Aby ograniczyć stratę kominową, która nawet w wielkich, profesjonalnych instalacjach w których walczy się o każdy ułamek procenta sprawności nie żałując środków jest i tak duża, należy zapewnić jak największy odbiór ciepła przed dolotem spalin do komina.Custom pisze: Problem w tym , że te piece mają duże straty bo większość ciepła zapierdziela w komin.
Co byście polecali zrobić na wylocie żeby wykorzystać większość traconego ciepła ?

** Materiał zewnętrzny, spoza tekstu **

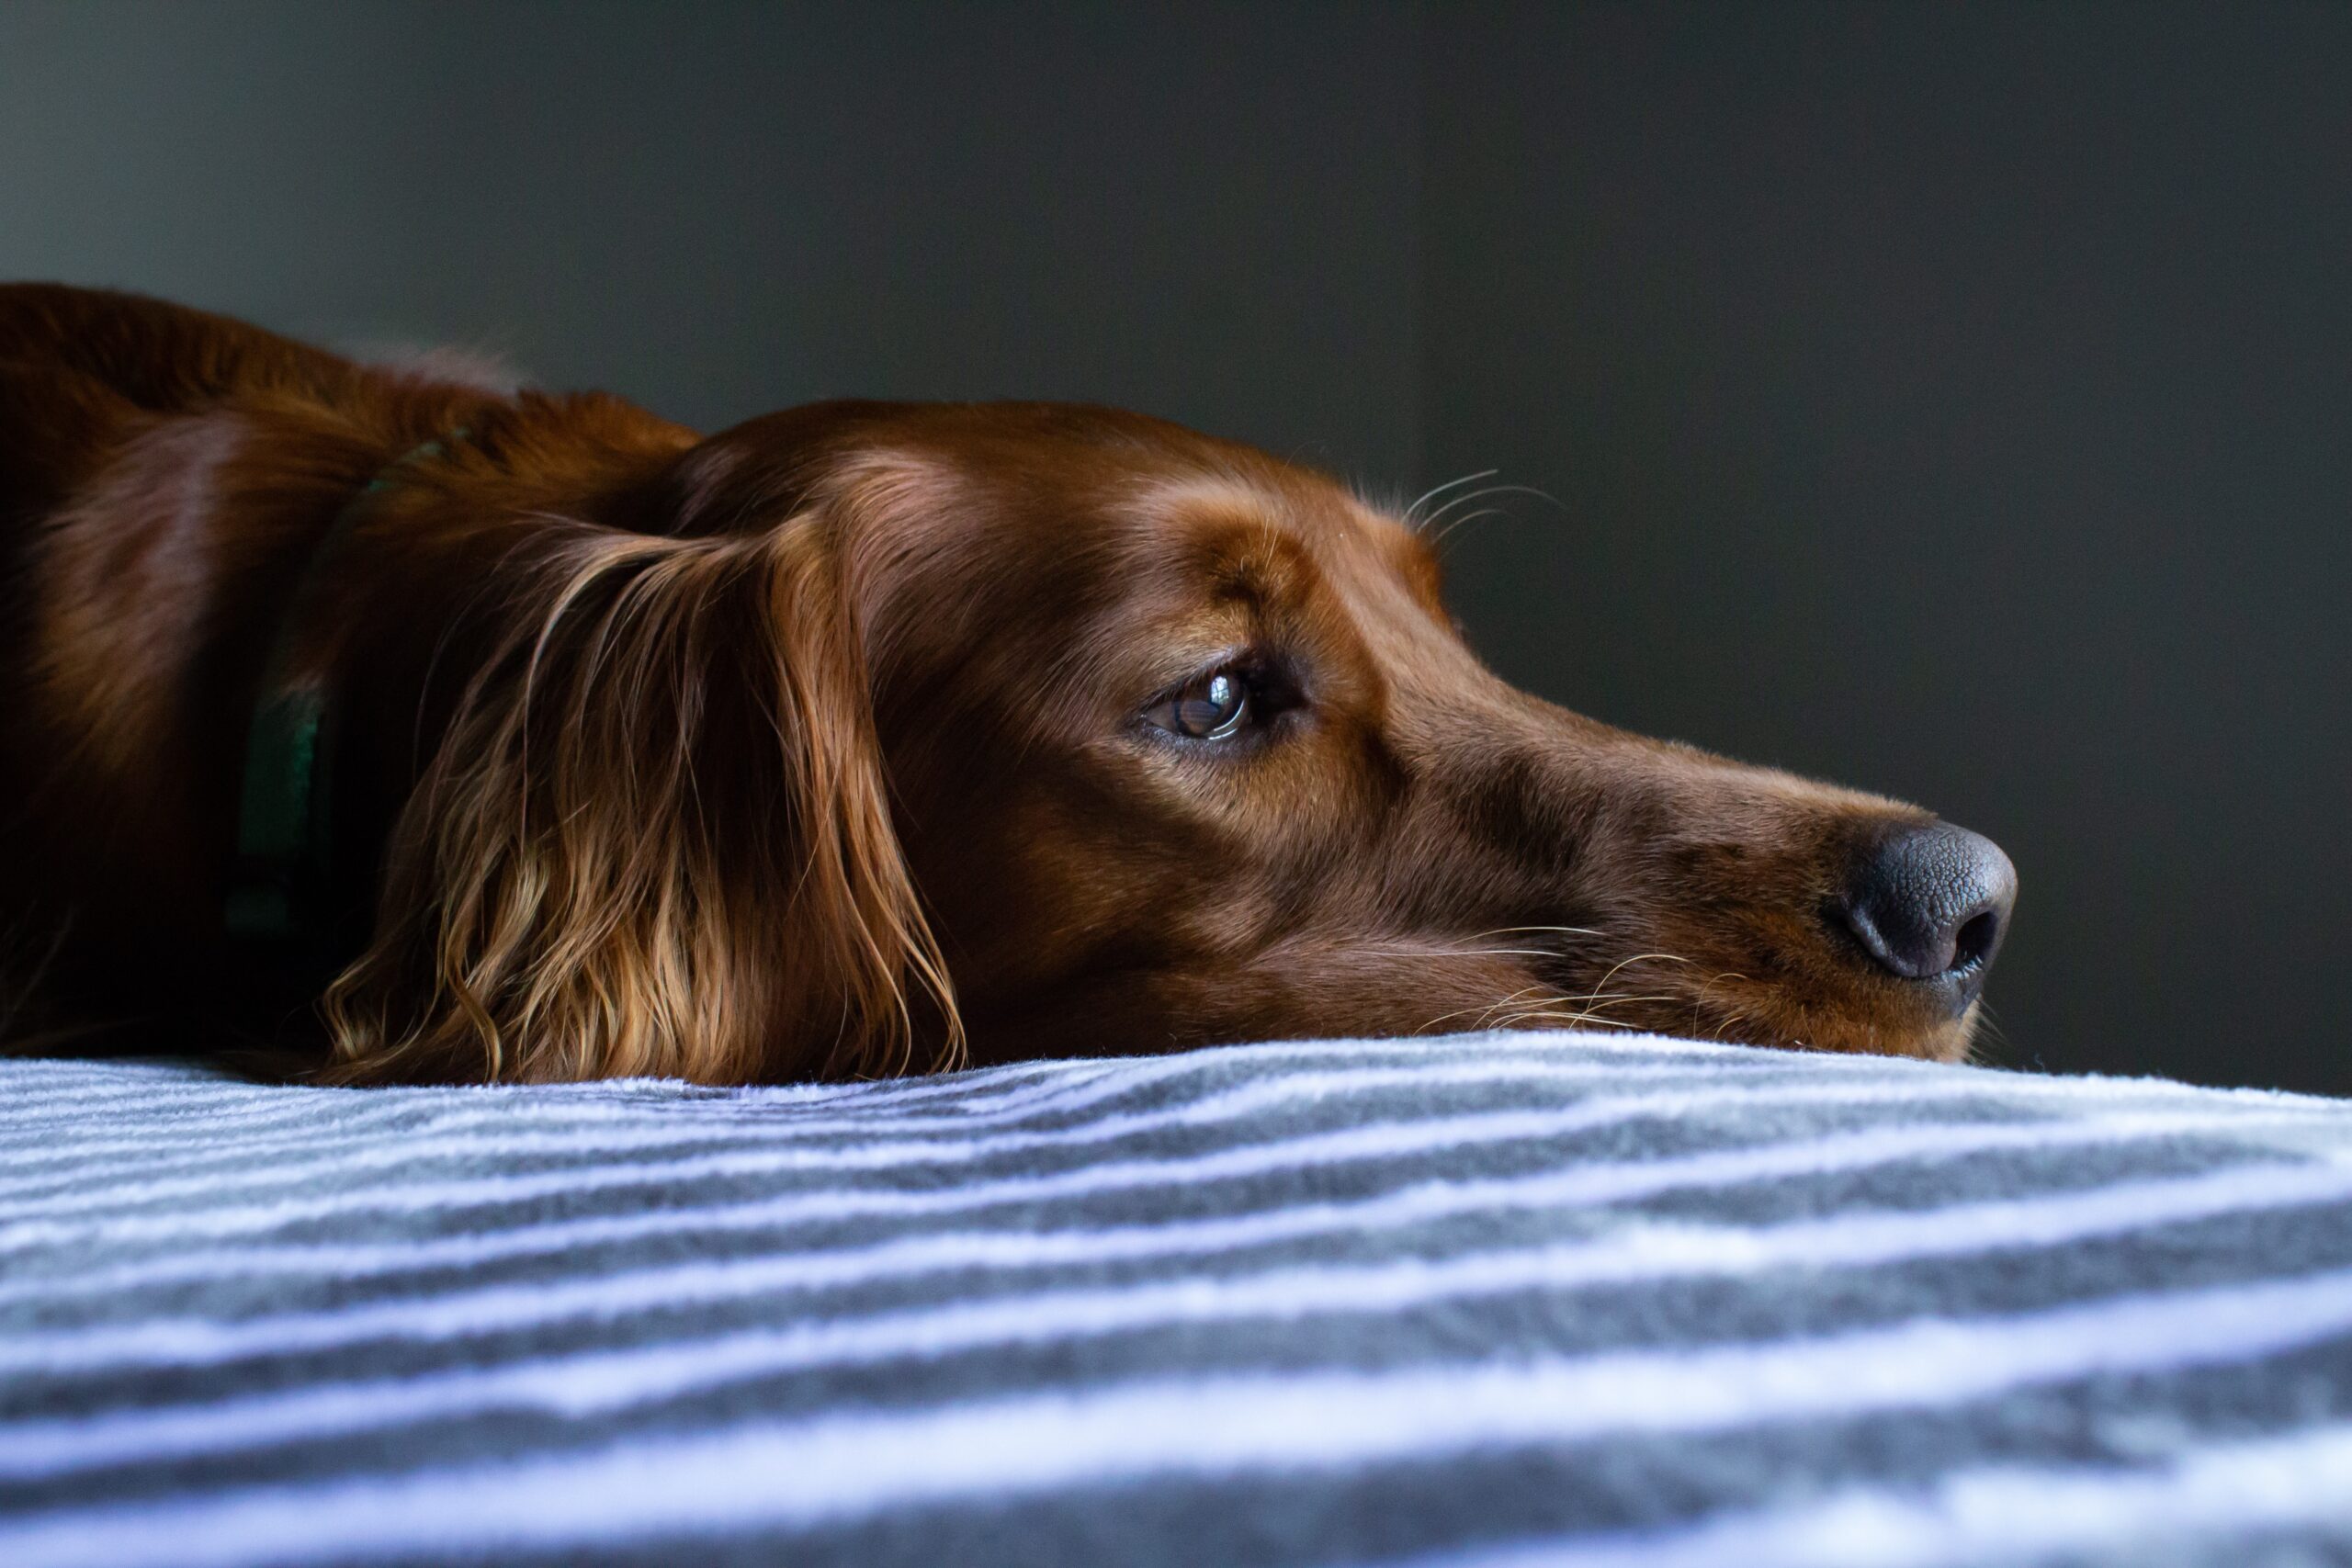 short-coat brown dog lying on a blue and white striped bedspread image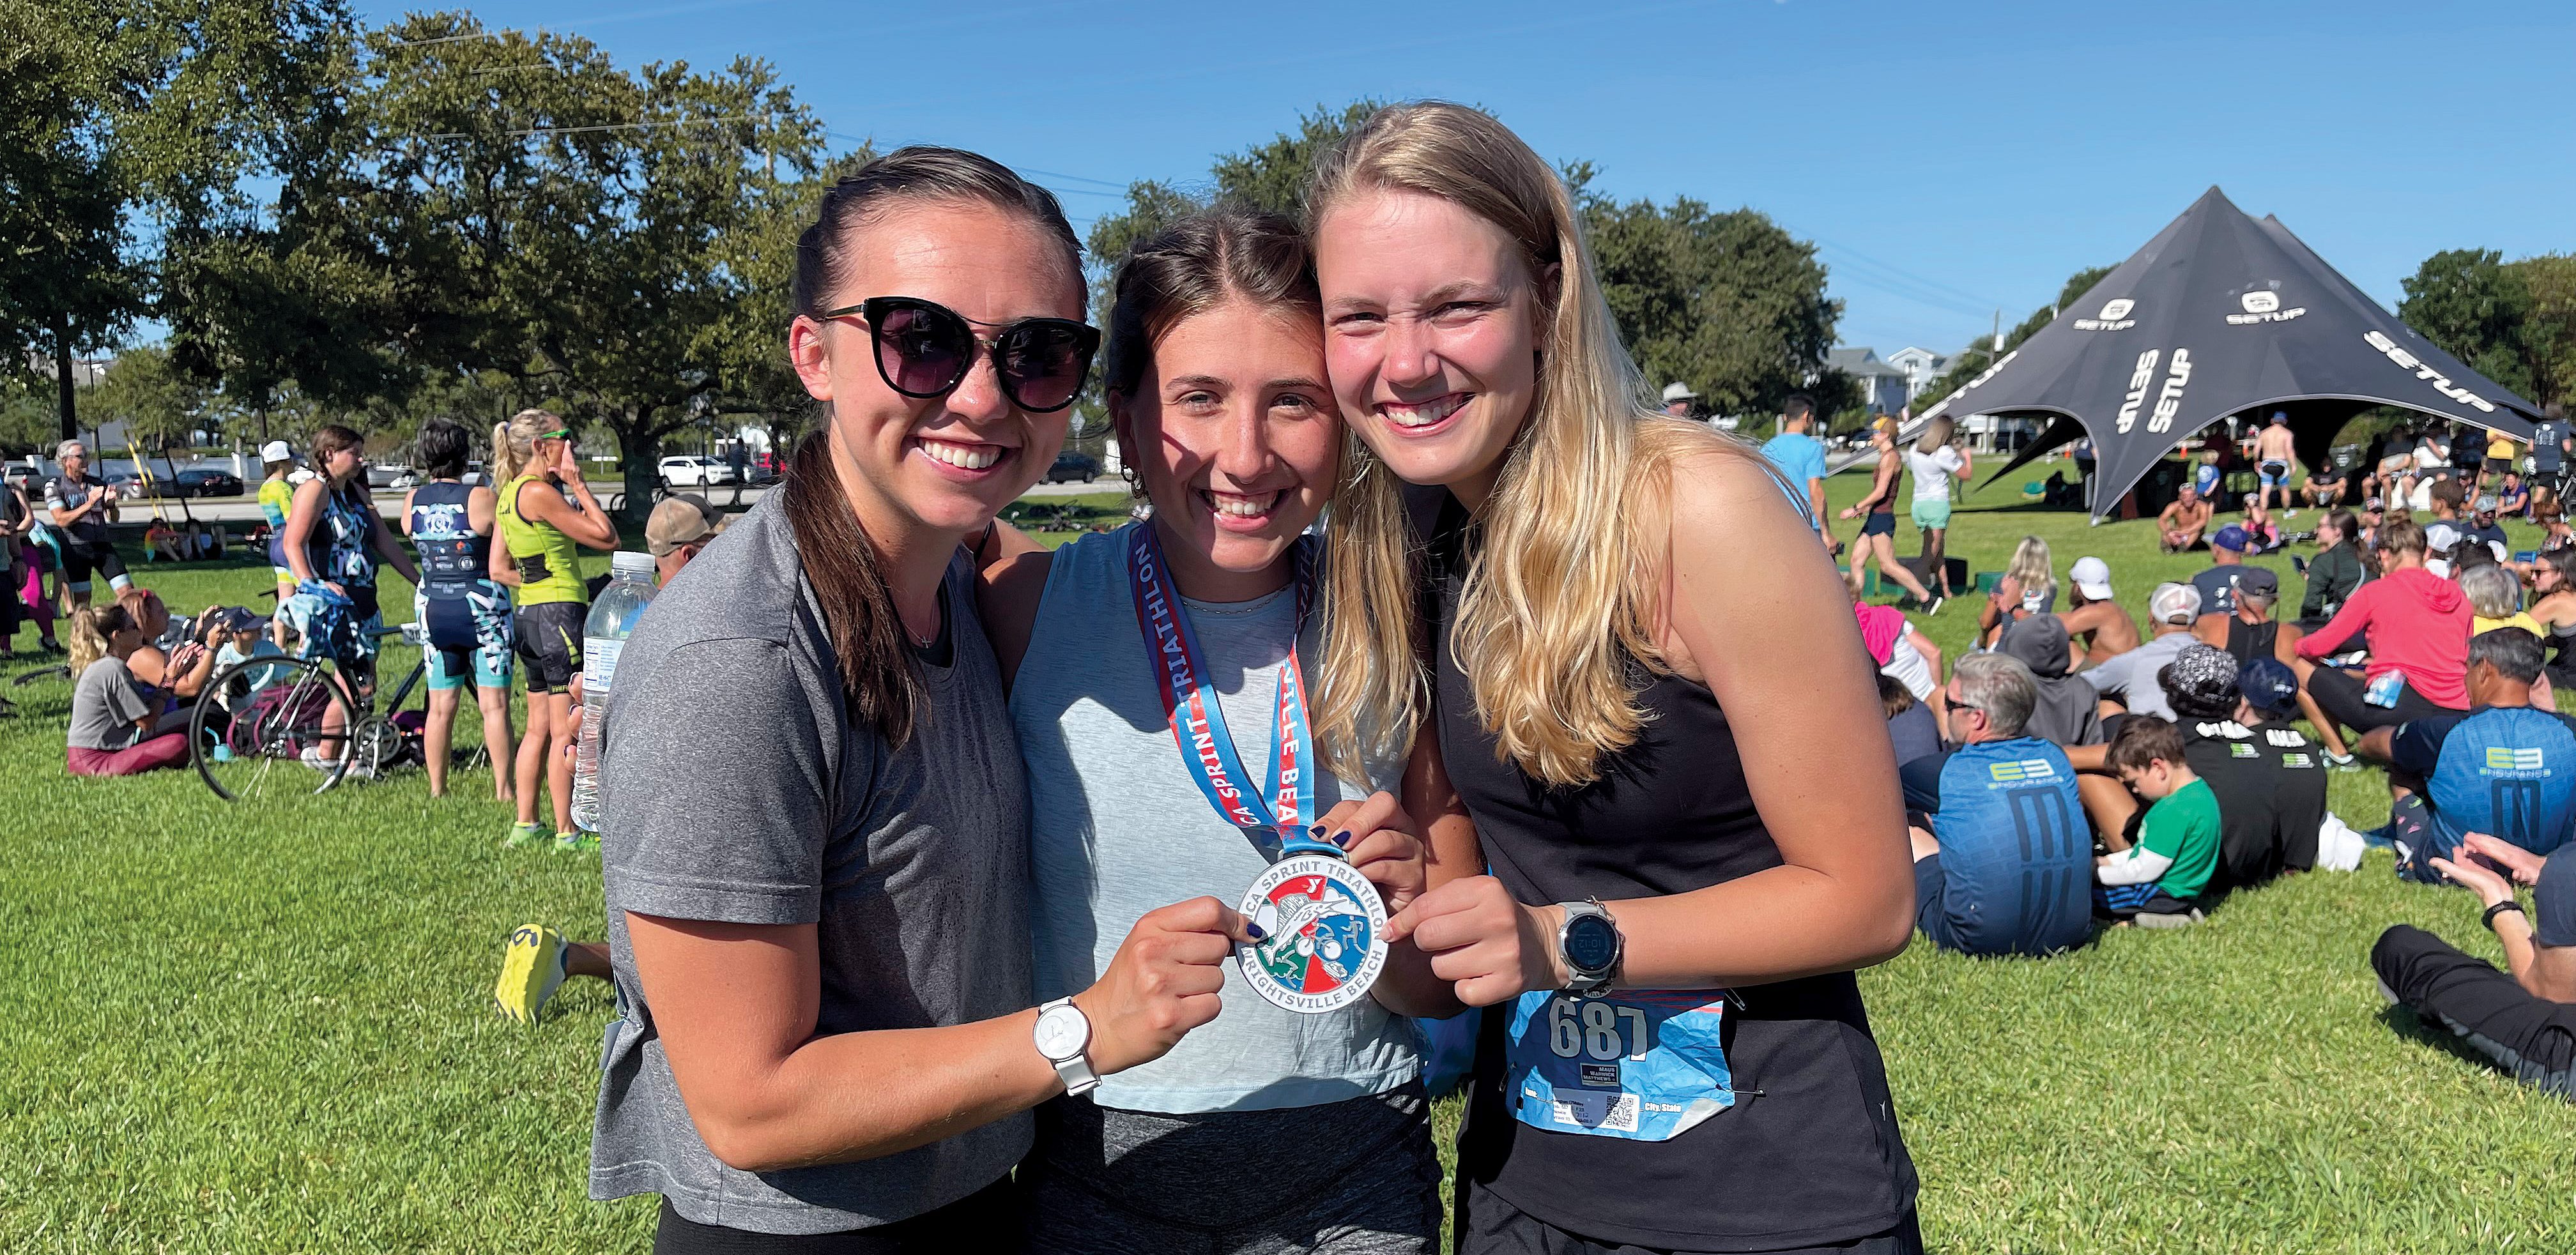 Nicole Marshall ’17, Victoria Marshall ’20, and Meghan O’Malley ’20 completed the YMCA Wrightsville Beach Sprint Triathlon

Obiekt który pokazałeś jest wysoce nieefektywny, albowiem wydmuch ciepła z tych rur jest tylko grawitacyjny. Znacznie lepszym rozwiązaniem, jeśli chcesz pozostać przy powietrzu jako medium rozprowadzającym ciepło, jest konstrukcja dwupłaszczowa kotła z dmuchawą przedmuchującą przestrzeń pomiędzy płaszczami, i z rozprowadzeniem powietrza przy pomocy rur z otworami, coś na przykład takiego:
https://www.youtube.com/watch?v=bLTGnjjJnFg
oczywiście u Ciebie w większej skali.
Aby ograniczyć stratę kominową już w samym wylocie do komina stosuje się rozmaite wymienniki ciepła (nieruchome płytowe, obrotowe z wirnikami z pakietów blach -tzw. rekuperacyjne i inne), w których powietrze dolotowe do spalania (lub do bezpośredniego ogrzewania) jest ogrzewane spalinami przed kominem. Przy kominie z tylko naturalnym ciągiem (czyli niewymuszonym) nie można z kolei przesadzić z nadmiernym odbiorem ciepła ze spalin, czyli obniżeniem temperatury, albowiem będą problemy z ciągiem kominowym.